Son preguntas que surgen en medio del maremágnum de acontecimientos que suceden en Venezuela. Y los presuntos culpables cuentan precisamente con esa realidad tan inestable y cambiante (junto a la vista gorda de quienes tienen el monopolio de la acción penal) para que el asunto pase a un segundo plano.

La intención inicial de la dirigencia opositora fue que la muerte de este joven de 17 años se le cobrara al gobierno nacional, al que este sector político califica de "dictadura". Ante el peso de unas evidencias bastante notorias, parecen haber desistido de imponer esa falsa versión, pero sin asumir su obvia responsabilidad ni en el deceso del muchacho ni en el fallido intento de achacárselo a las autoridades, conducta que causó nuevas olas de violencia en Caracas.

Analicemos el asunto con el cuidado que merece. El hecho de que Lander no haya sido víctima de un bombazo lacrimógeno (como propaló irresponsablemente el diputado Miguel Pizarro), sino del estallido de un explosivo "artesanal" (con el perdón de los artesanos) que él mismo manipulaba, no debería ser razón para que la muerte sea considerada un mero accidente y nos olvidemos de establecer culpabilidades.

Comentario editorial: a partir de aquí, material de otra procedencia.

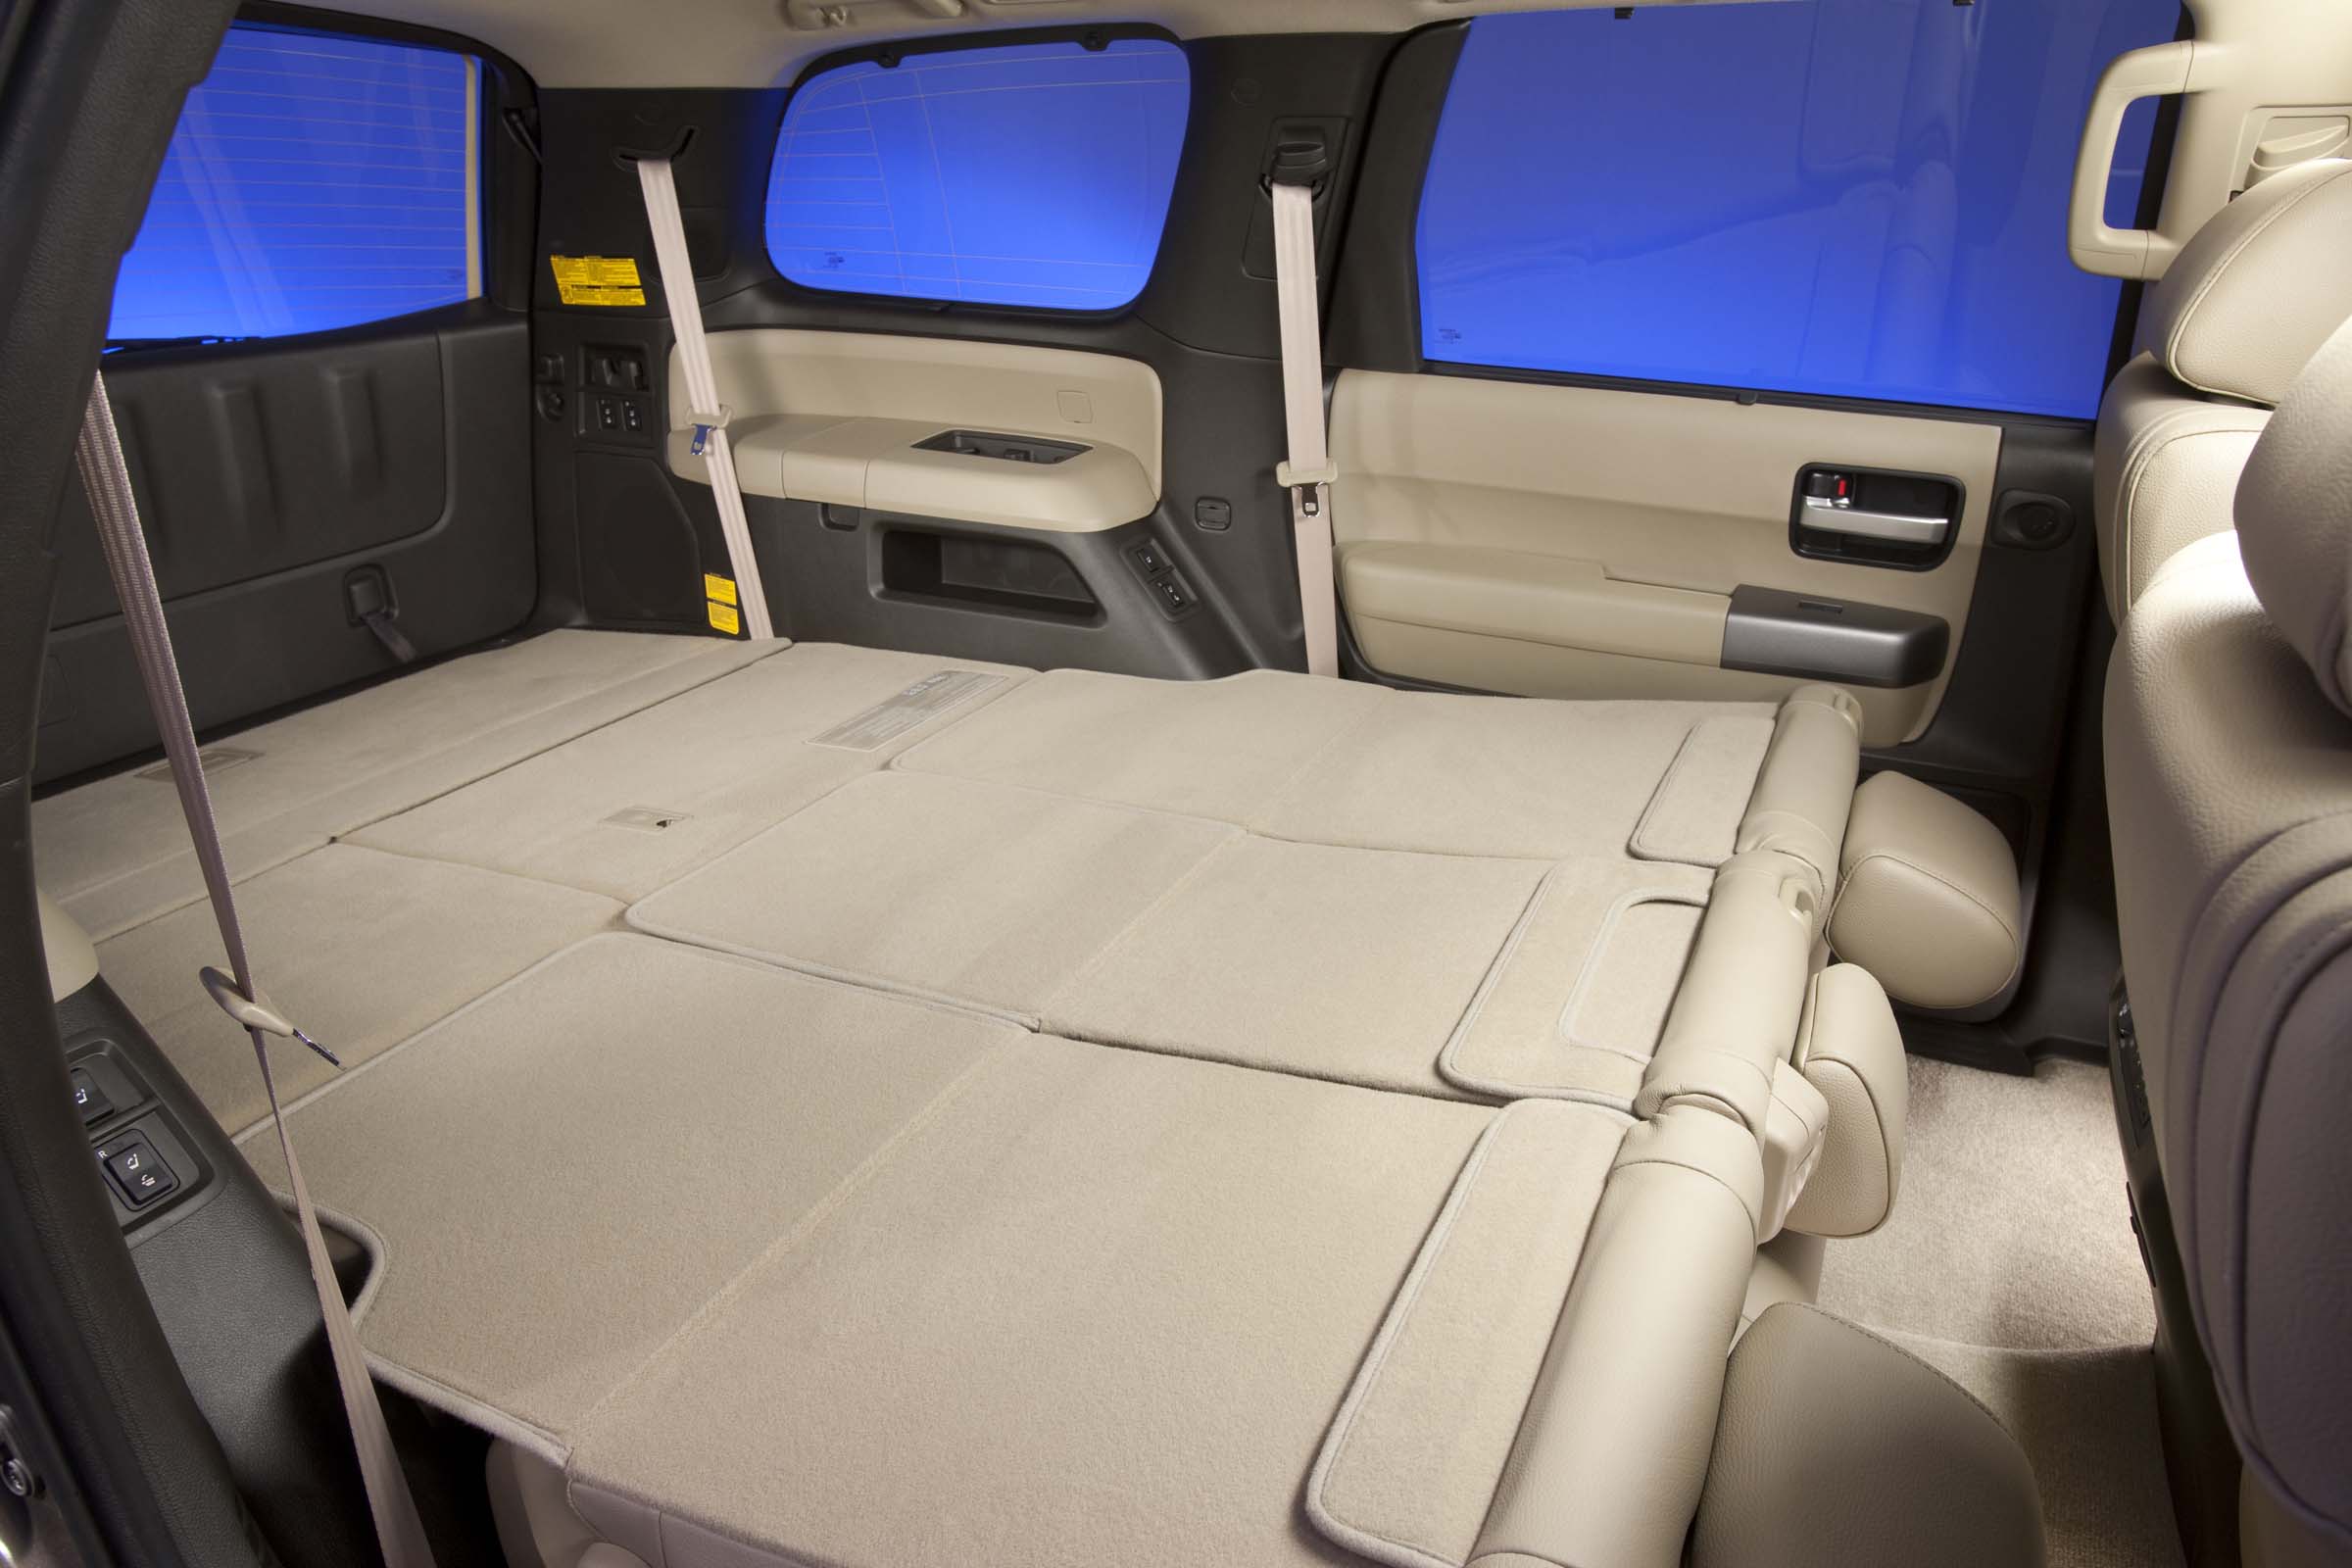 2015 Toyota Sequoia fold flat seats

No. Alguien puso un arma letal (¿quién duda ahora que lo sea?) en manos de ese chamo y de muchos otros que hasta ahora han corrido con mejor suerte. Alguien ha convencido a esos jóvenes y niños de que es legítimo arrojarle ese tipo de explosivos a un compatriota uniformado, lo que eventualmente (quedó claro) puede causarle la muerte o lesiones gravísimas a cualquier ser humano. Algún sector con poder económico ha pagado por esos materiales de alta peligrosidad, así como por los cascos, las máscaras, los petos, los guantes y demás adminículos que ostentan, pues no se trata de equipos al alcance de estudiantes atosigados por la mala situación económica. ¿Quiénes están haciendo esas labores de financiamiento de la desestabilización armada en las que se pone en riesgo la vida y la integridad física tanto de los mismos militantes opositores, como de los funcionarios a los que se dirigen los ataques?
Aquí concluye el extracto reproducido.